»»

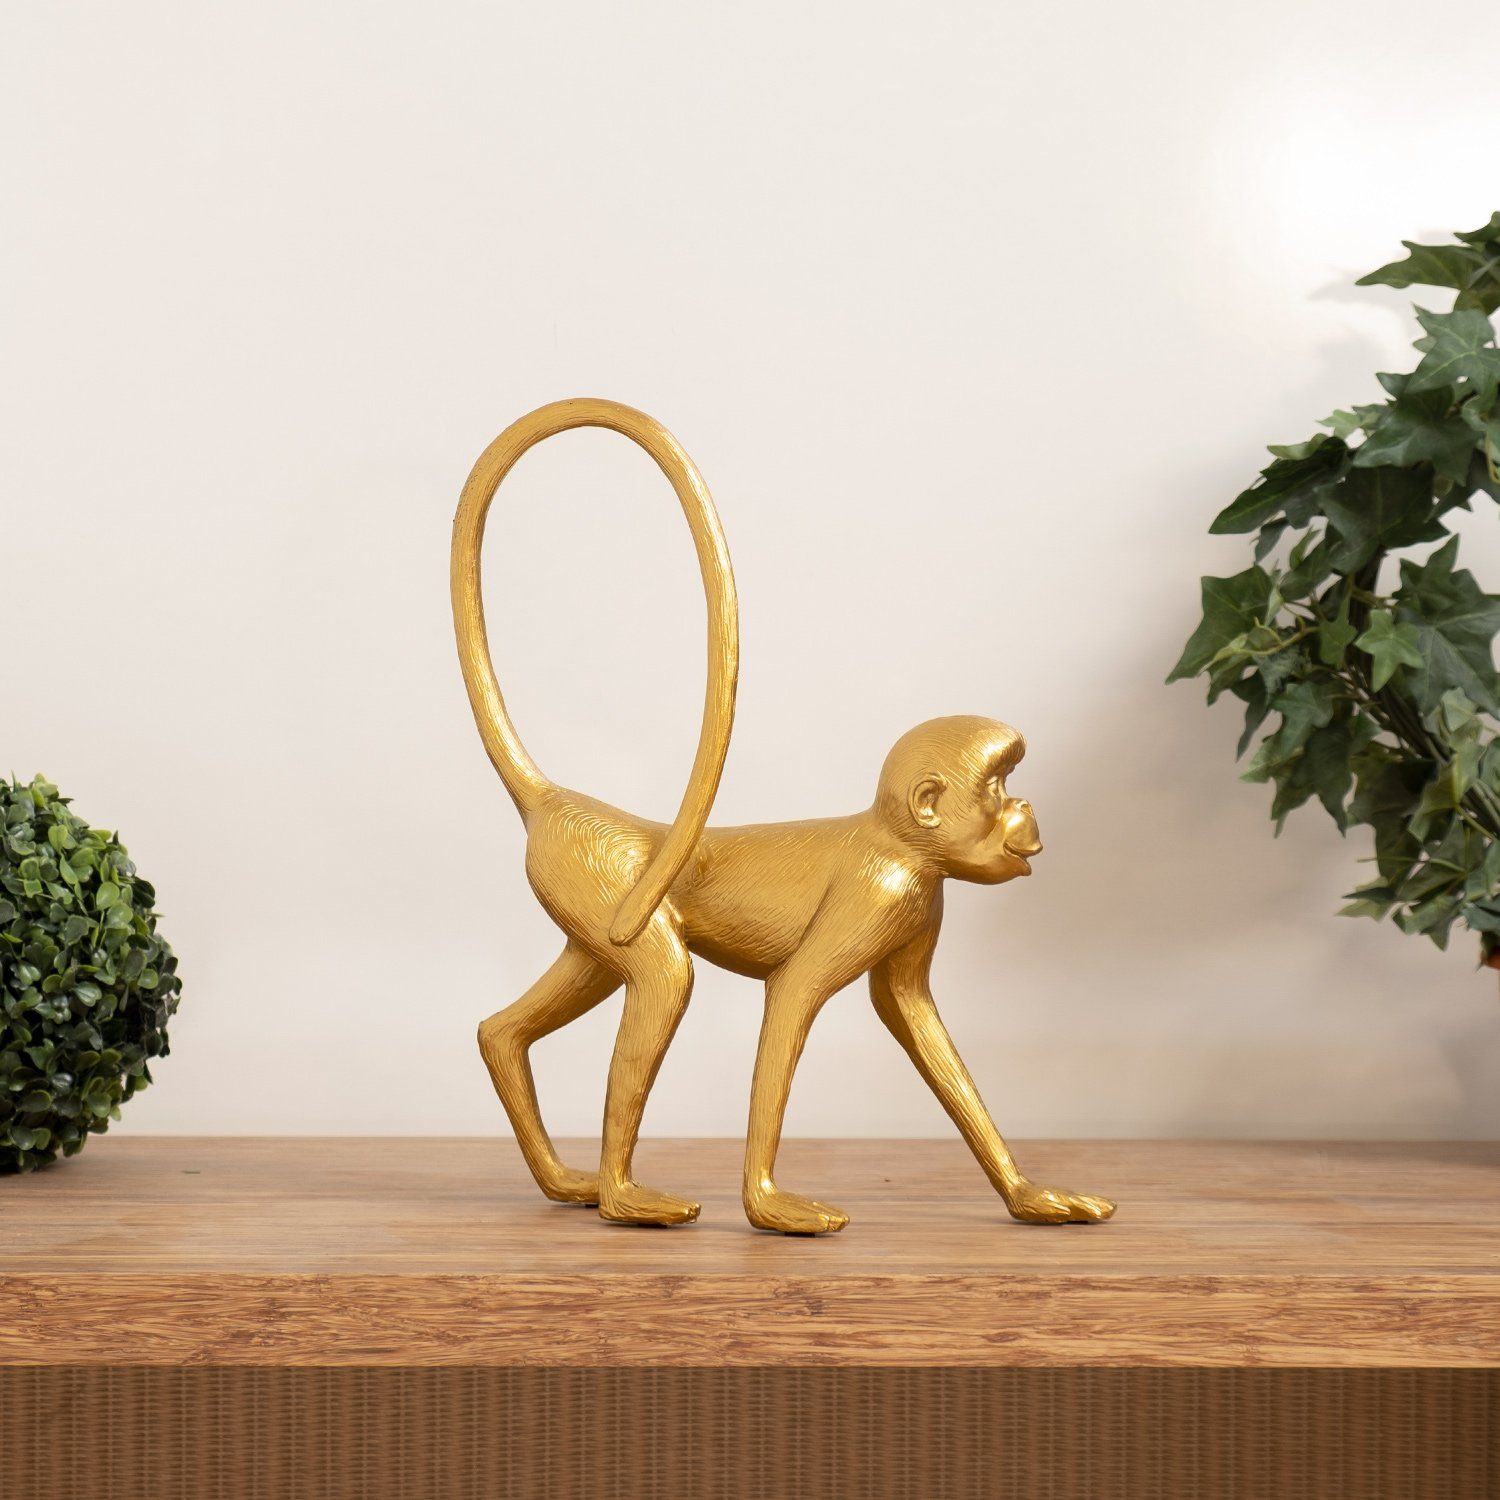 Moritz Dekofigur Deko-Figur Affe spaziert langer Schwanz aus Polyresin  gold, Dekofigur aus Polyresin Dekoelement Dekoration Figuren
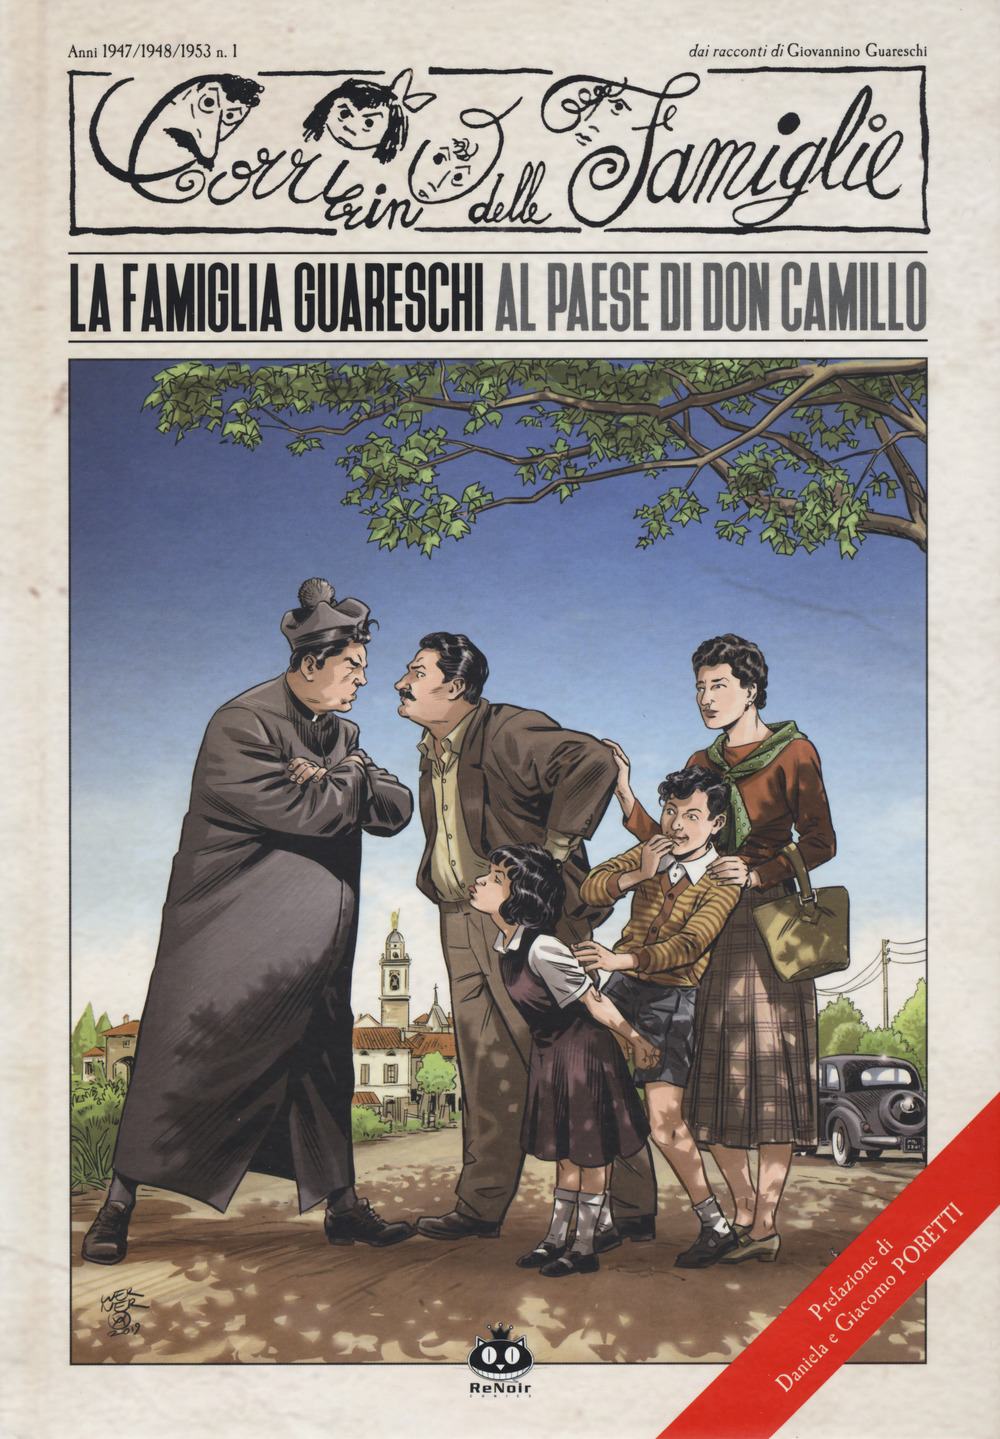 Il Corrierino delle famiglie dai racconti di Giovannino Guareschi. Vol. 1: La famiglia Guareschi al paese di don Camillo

««
»»

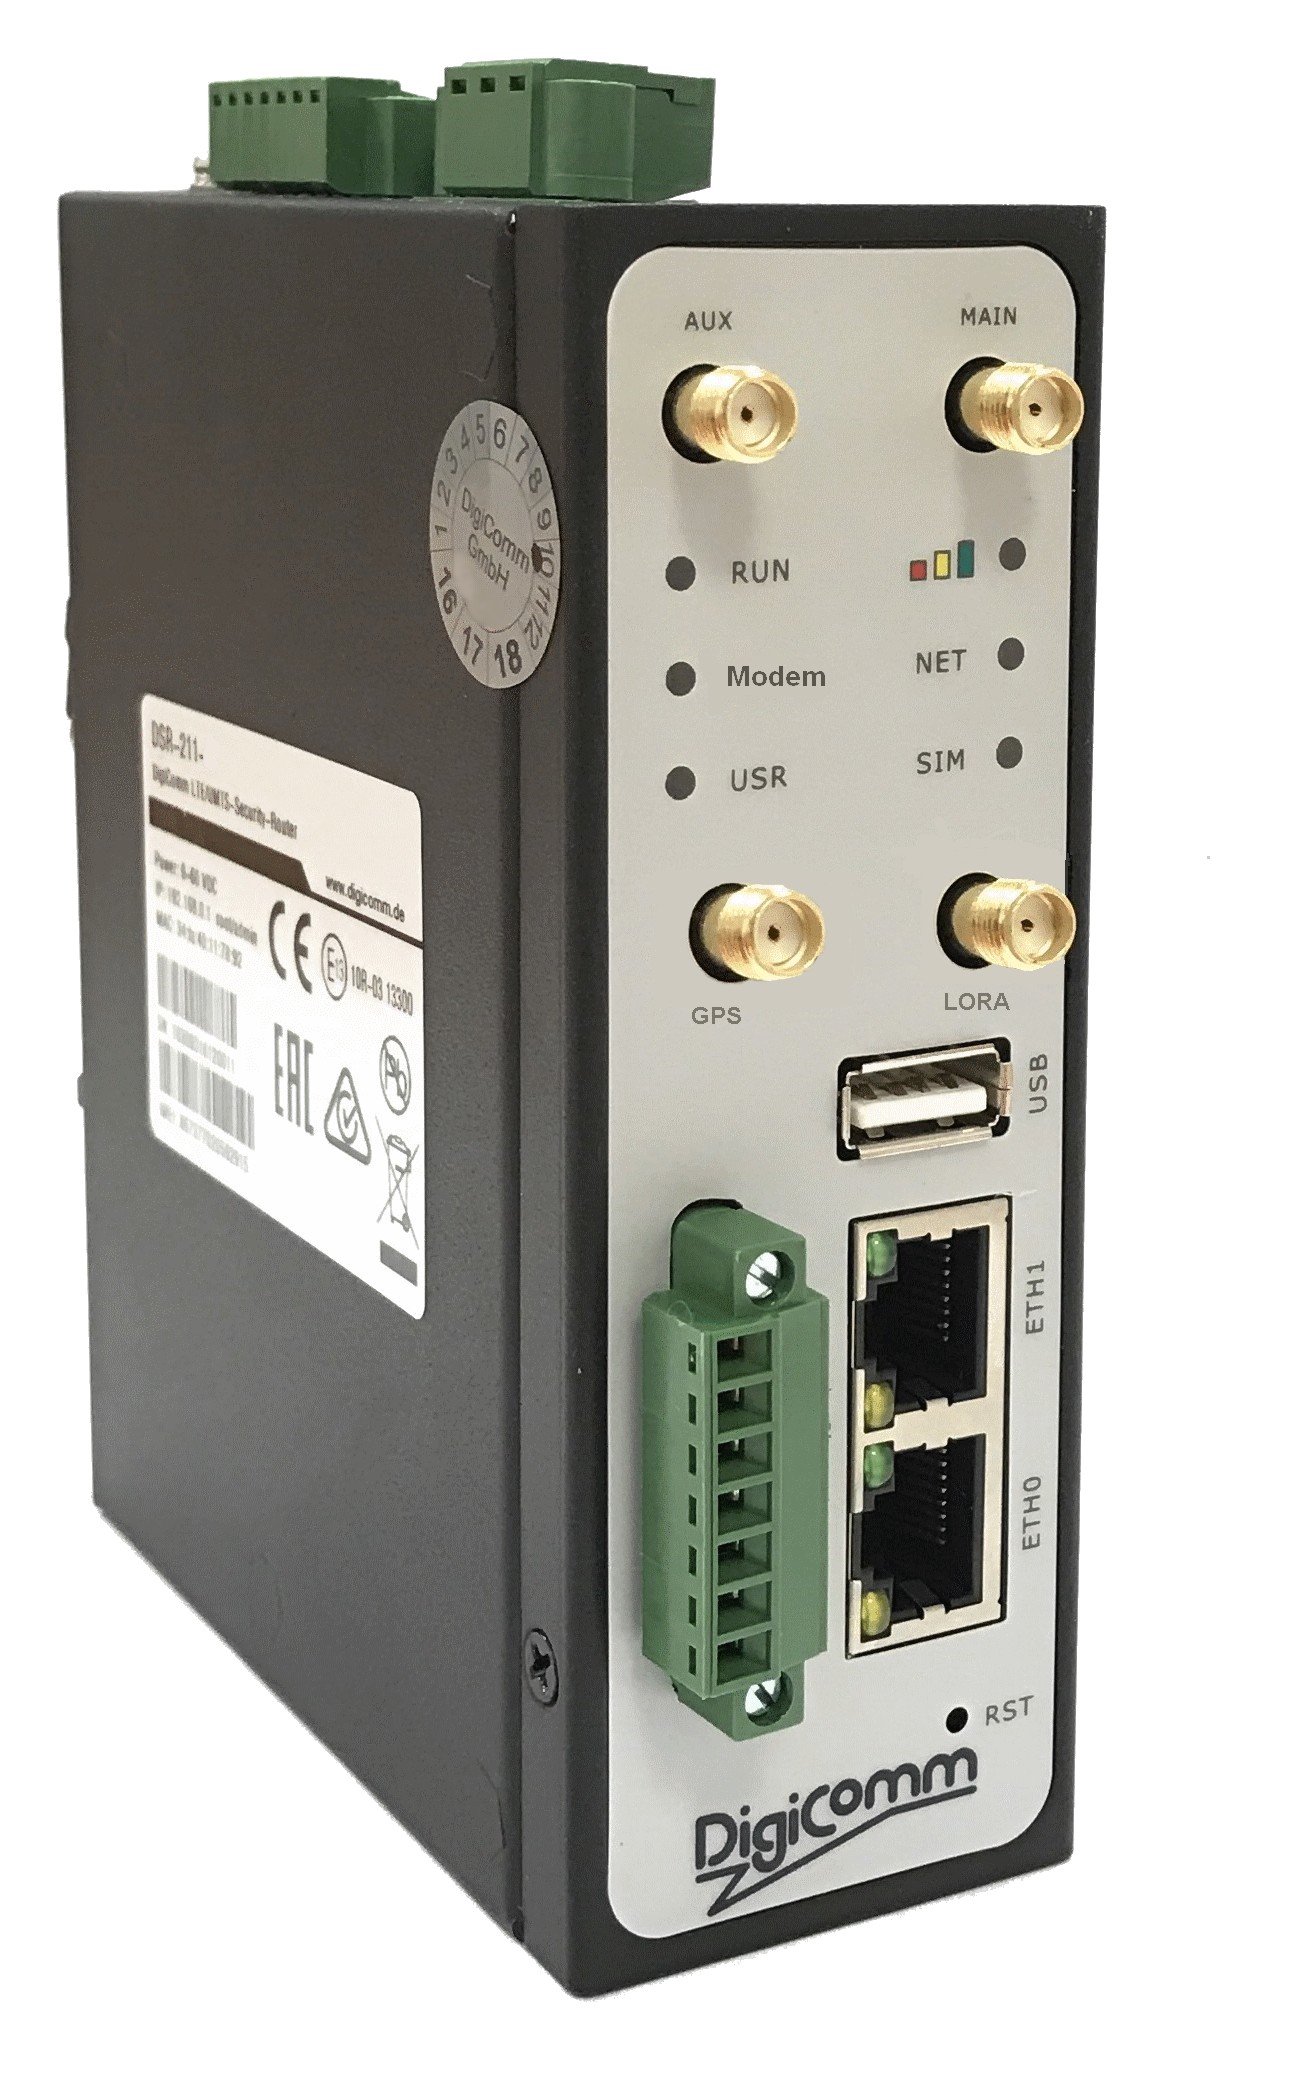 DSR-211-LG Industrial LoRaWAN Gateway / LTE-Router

««
»»

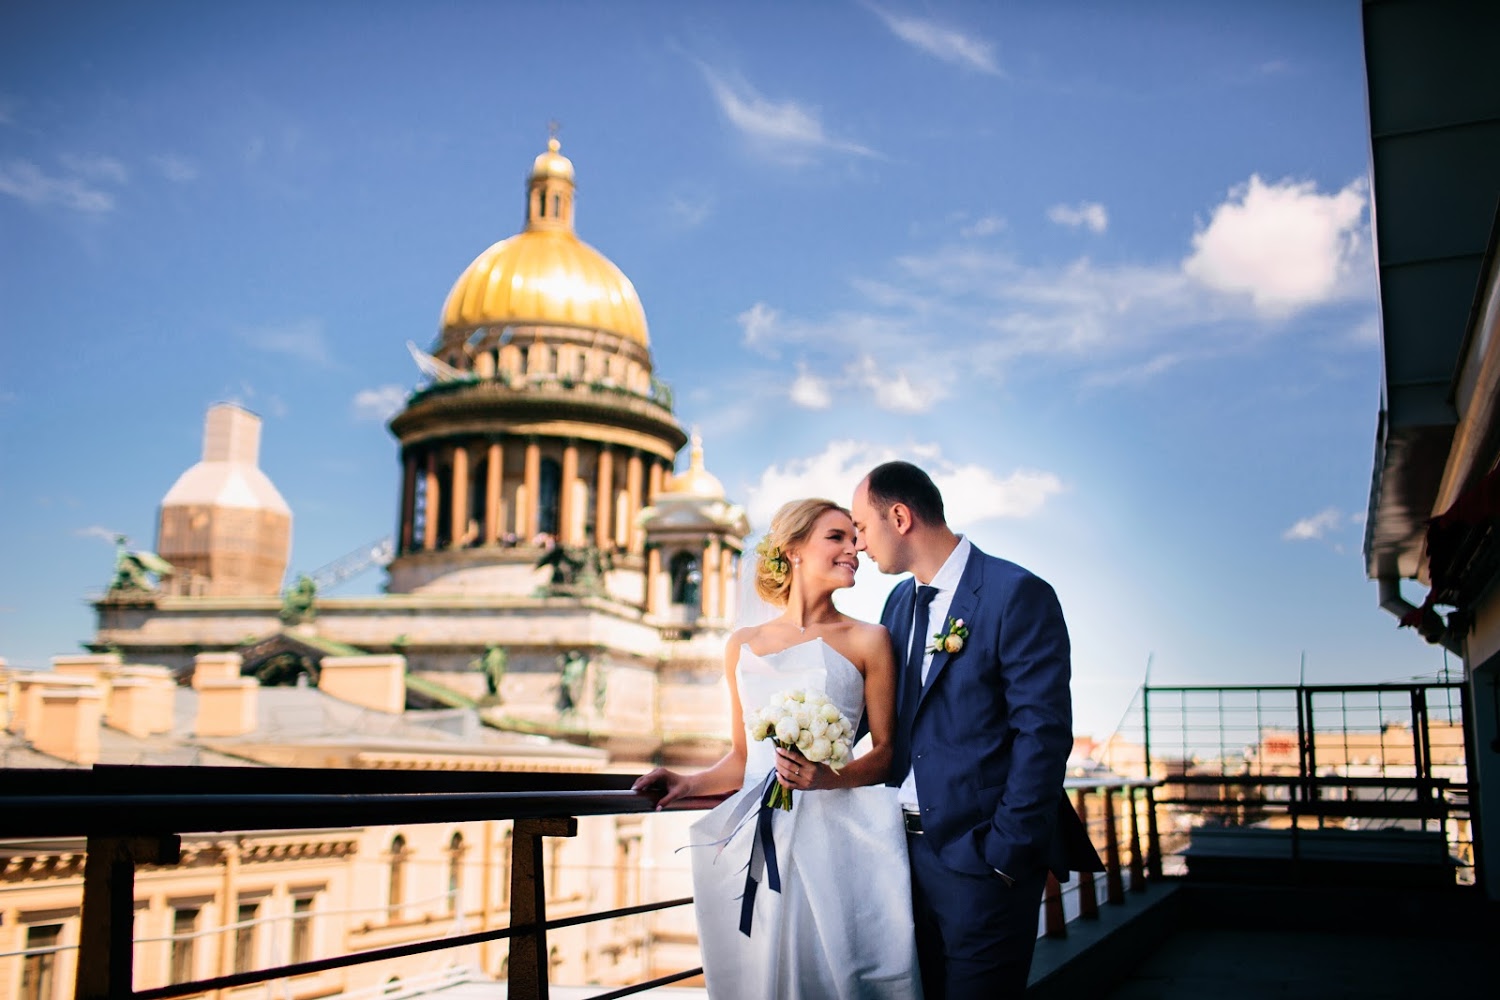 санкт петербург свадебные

««

* Work instructions: Once the line with "Moritz Dekofigur Deko-Figur" has been found above, output that line and every later line exactly, stopping after the line with "Il Corrierino delle", and omit the pictures.

* Exercise output:
 Moritz Dekofigur Deko-Figur Affe spaziert langer Schwanz aus Polyresin  gold, Dekofigur aus Polyresin Dekoelement Dekoration Figuren
 Il Corrierino delle famiglie dai racconti di Giovannino Guareschi. Vol. 1: La famiglia Guareschi al paese di don Camillo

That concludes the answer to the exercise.